If you have ever coached anything or been coached in anything, you know this well. Imagine your coach teaching you the offense on a white board, telling you when the game is, and then showing up on game day to watch you play. Chances are you and your team would fail miserably. There is no focus on the process and the fundamentals. There is no chance to work on passing, dribbling, defense, being in shape, etc. Why then do we do this in classroom? I am afraid that the answer is time and pressure.

Teachers have quite a grind throughout the school year. They have high expectations from themselves and administrators. They have students in their class that range from low to high levels of achievement. They only have so much time to grade and deliver instruction, while also teaching them all of the content specific skills outlined in state standards. These are all very challenging obstacles to overcome. However, we must make the transition and there are some easily implementable strategies to do so.

As educators we should focus on grading and providing feedback throughout the process. Not every point value added into the grade book has to be given in the traditional sense. What if we stopped in the middle of working on an essay to see how well we are doing as a class? What if the teacher sat with each student and provided advice to them that is specific to their level and topic? And what if we gave them points for working with us on editing? What is we stopped in the middle of our math work to do some group problems? What if we gave points for this process?
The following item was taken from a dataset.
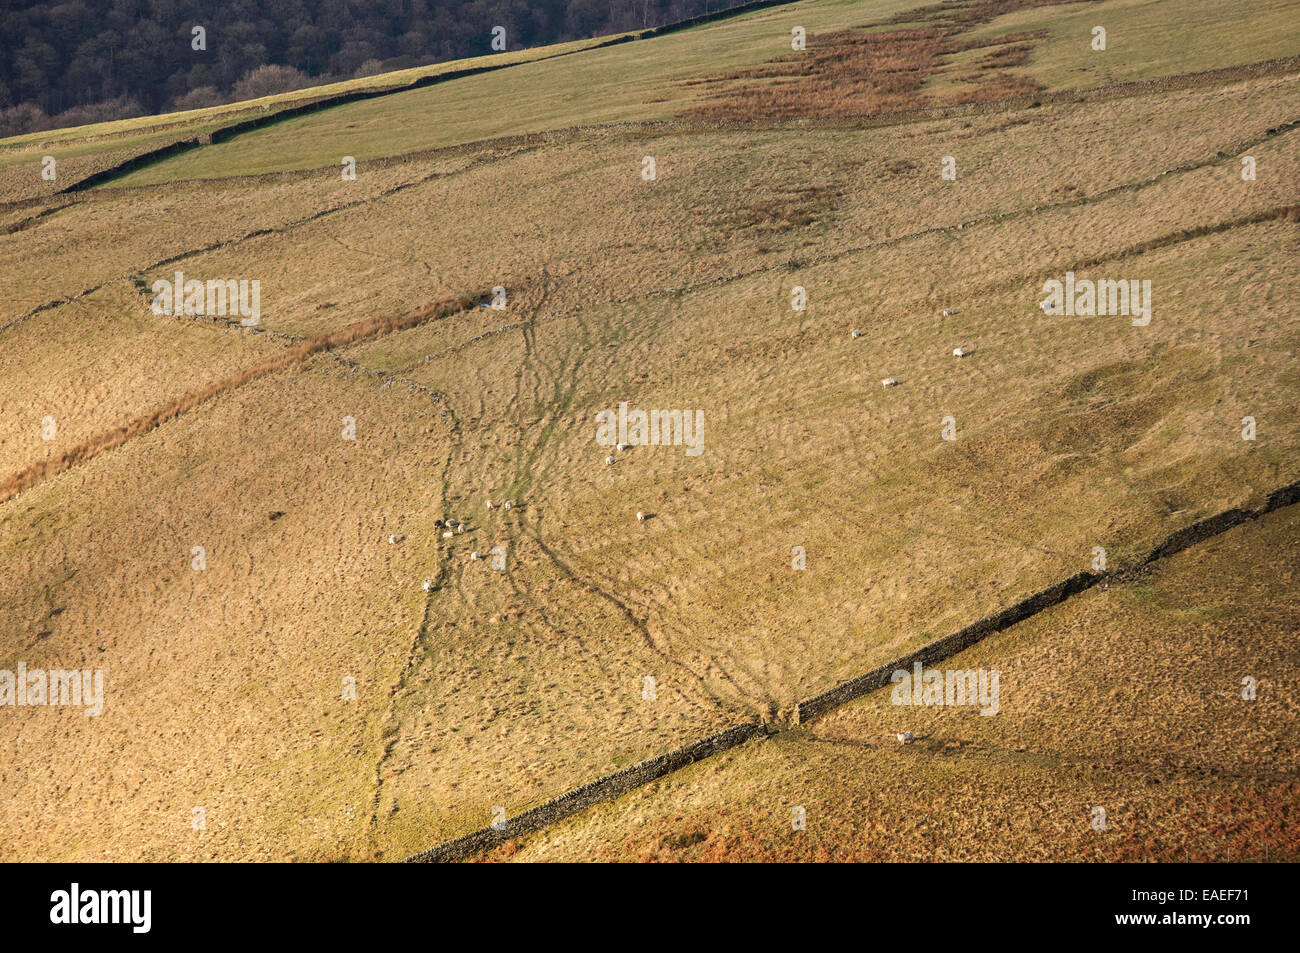 Pecora su una collina nel Peak District. Immagine astratta cercando di fronte alla collina con via attraverso il terreno. Foto Stock

Why don't we have students write goals for projects and work to achieve these goals through their project work and guess what...give them points for that too!

These are very general ideas but they are all conducive to the approach that focuses on the process. We should be creating check points and safety nets for our students. There are so many students who line up for the start but never get their engine started because they don't know how to get to the finish line. Each day, teachers leave students like this behind because they skipped the most important aspect of learning...the process. We have to give feedback, support, and advice to our student throughout the process. As a result, the next time they go through the process, they will be better. Somewhere along the way we started thinking that assigning and grading was our most important function as a teacher when in reality it is the least important. Focusing on the process helps to improve gifted and struggling students because it provides the opportunity to see where they can improve no matter what level they may be. Because lets face it, giving a gifted student an A over and over does not really teach them how to become even more successful. It teaches them to do what they must to receive another A.

We have all gone through failures and successes in our lifetime. However, we have learned from both because of the process. Success can't be repeated without understanding the process to do so. We have to teach our students how to struggle and overcome on their way to success. If we do not go on the journey with them, many will be lost. However, if we hike with them through the mountains, they will see the Machu Picchu at the end. We are in the business of teaching students, not grading them. Leading is Teaching.